The idea behind the Ubuntu virtual machine support investigation is to run nightly mechanical builds on a virtual machine. The virtual machine is provisioned with a standard EUC image, the build is performed, installing prerequisites as necessary, the generated log is communicated back to the forum server and the virtual machine decommissioned.

The two main issues to be solved are starting the automatic build in the virtual machine, communicating the log back to forum server. A third issue not directly related to the cloud infrastructure is to run a sudo command on the virtual instance through a batch script.
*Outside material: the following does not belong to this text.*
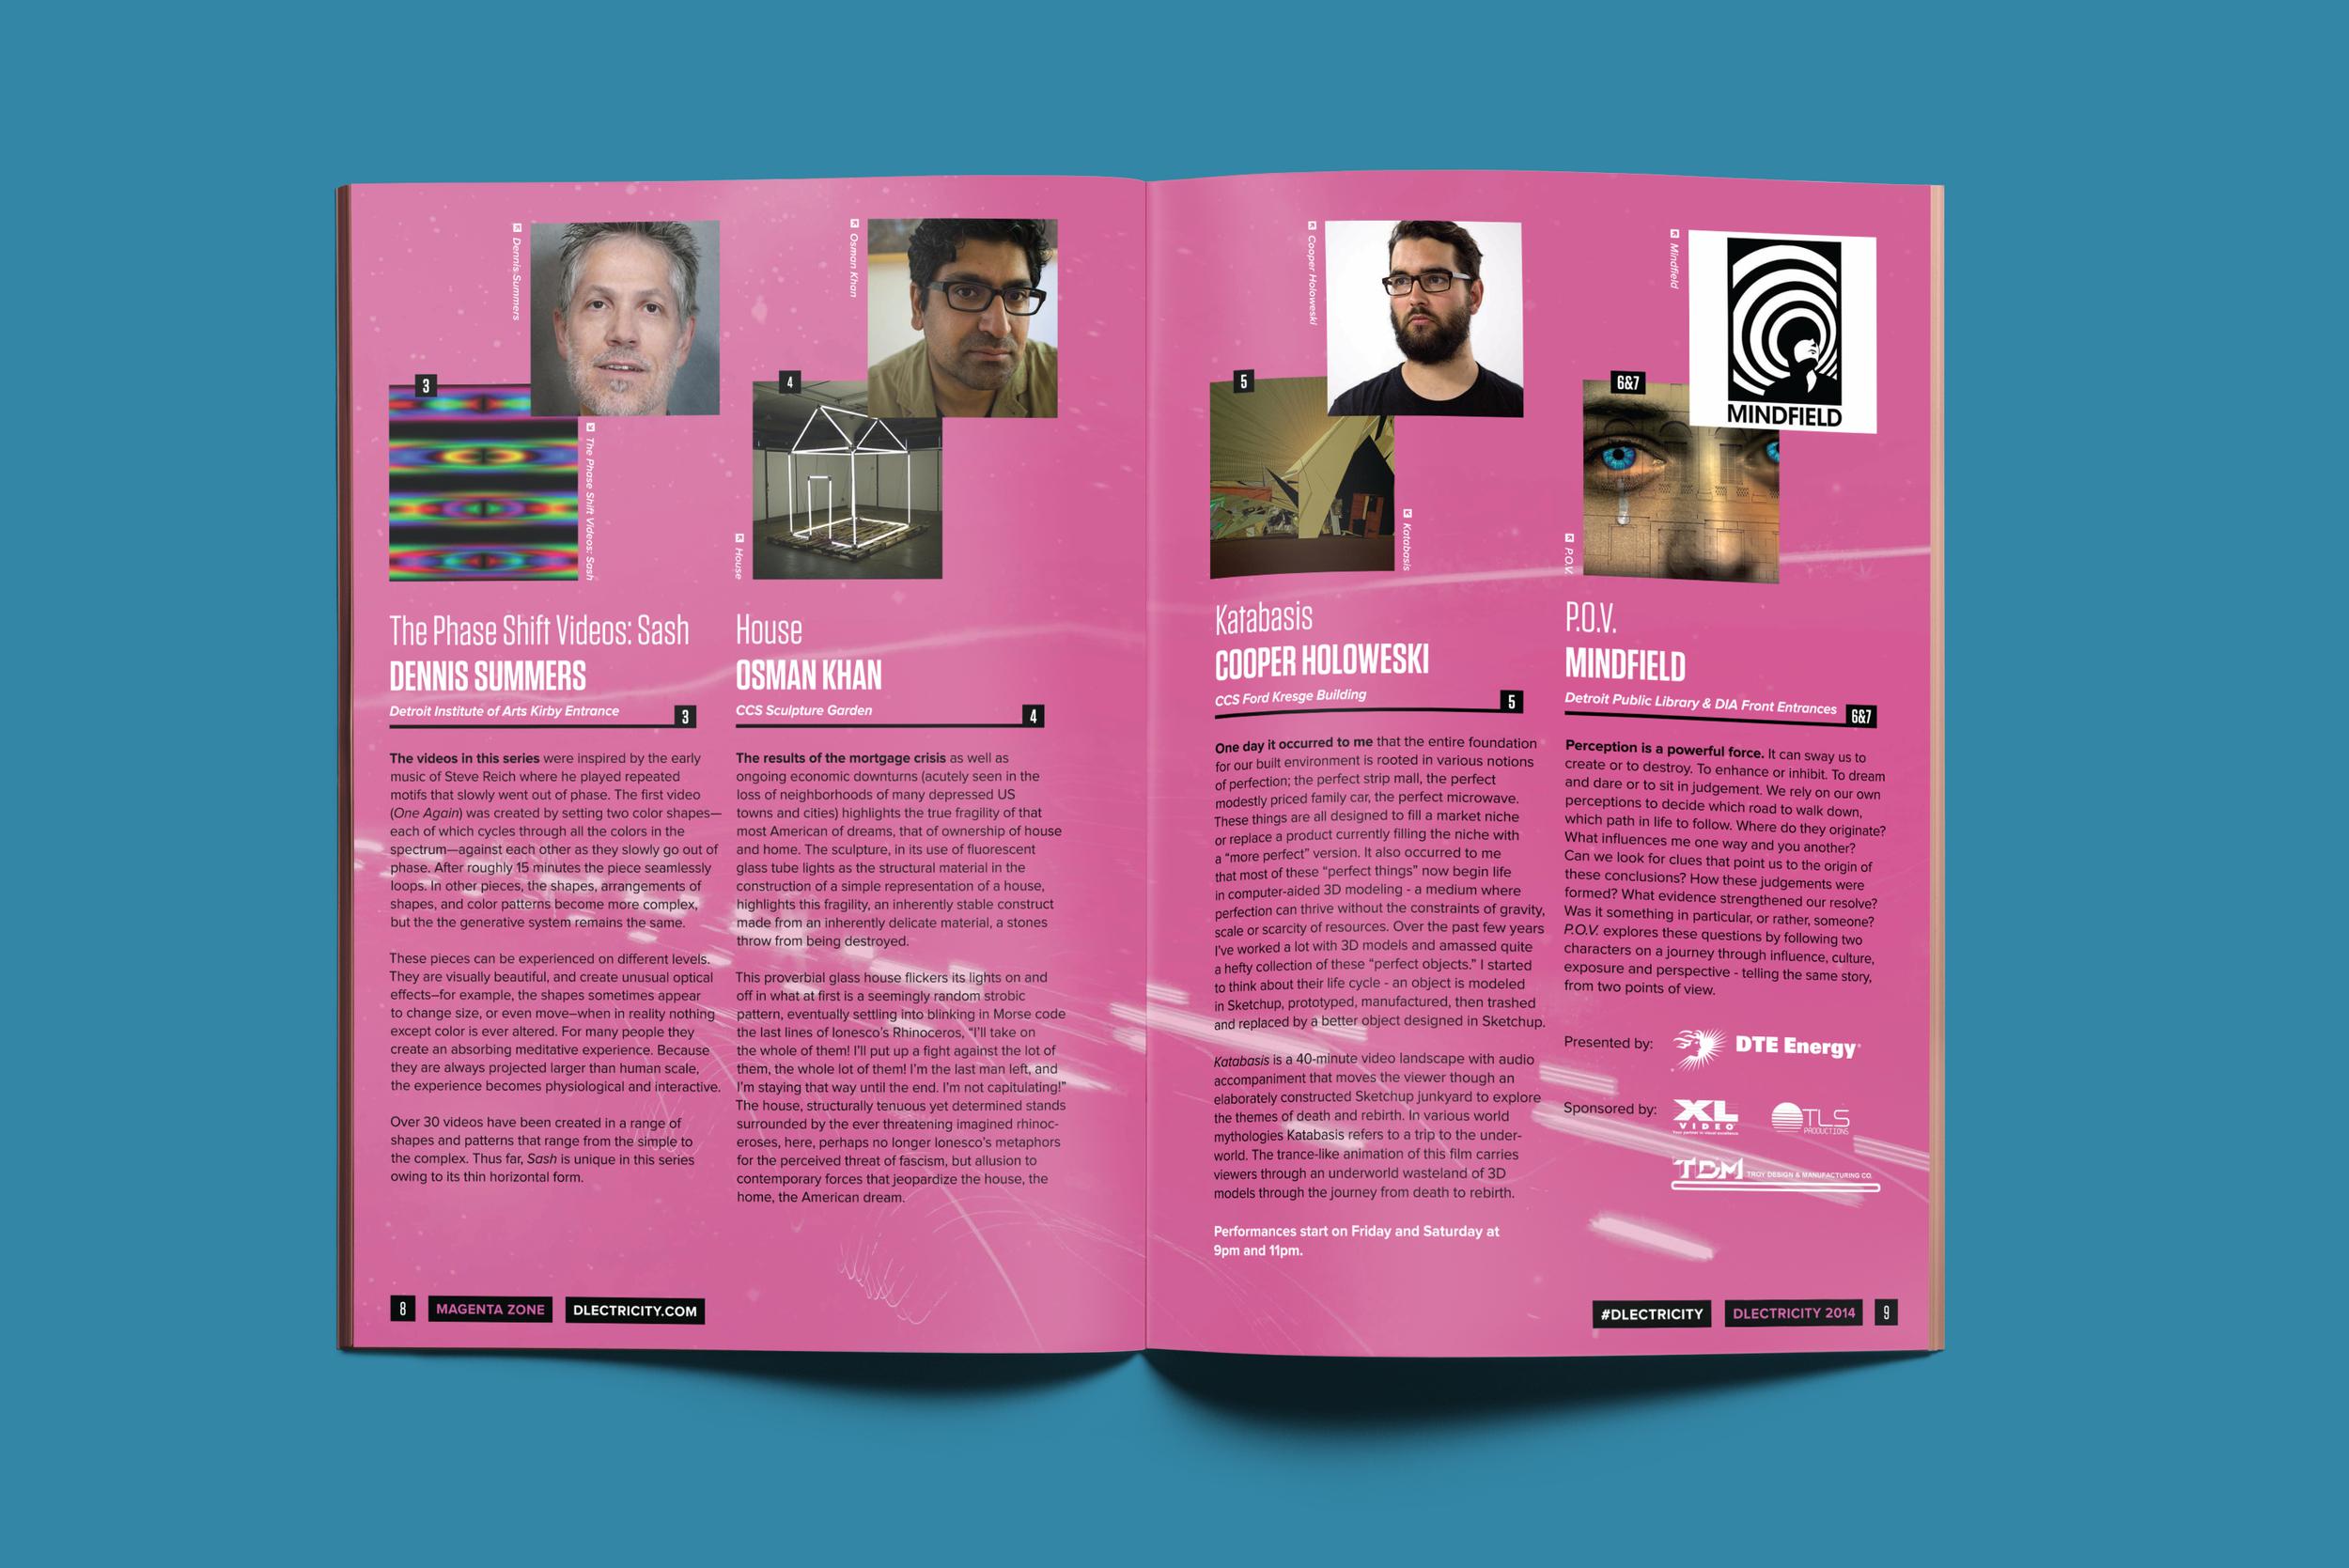 Program_Guide_Interior_4Artists.jpg

The documentation and the kernel command line hint at a "xupdate=" option to the /usr/lib/cloud-init/uncloud-init init process. I thus mounted the disk image and starting digging through the uncloud-init script to find clues on how it could be useful for my purpose.

mkdir image
losetup /dev/loop2 maverick-server-uec-i386.img
mount /dev/loop2 image
less image/usr/lib/cloud-init/uncloud-init
...
 if [ -d "${mp}/updates" ]; then
      rsync -av "${mp}/updates/" "/" ||
               { log FAIL "failed rsync updates/ /"; return 1; }
fi
if [ -d "${mp}/updates.tar" ]; then
        tar -C / -xvf "${mp}/updates.tar" ||
                { log FAIL "failed tar -C / -xvf ${mp}/updates.tar"; return 1; }
fi
script="${mp}/updates.script"
if [ -f "${script}" -a -x "${script}" ]; then
        MP_DIR=${mp} "${mp}/updates.script" ||
                { log FAIL "failed to run updates.script"; return 1; }
fi
...

The uncloud-init script is designed to customize a virtual instance before the system fully boots and becomes operational, thus it is no surprise that xupdate mechanism cannot be used for starting the build process. It seems we will have to login into the instance and run the build process

For our purpose of a mechanical build system, it is possible to run virtual instances without bringing up an ssh server. Once the build is finished, we could mount the disk image through a loopback device on the host and retrieve the files from the mounted drive. That requires to add an entry like the following in /etc/fstab. Some blogs suggest to use autofs instead but I haven't been able to get it to work properly nor do I understand how it gets rid of the "mount as root" requirement.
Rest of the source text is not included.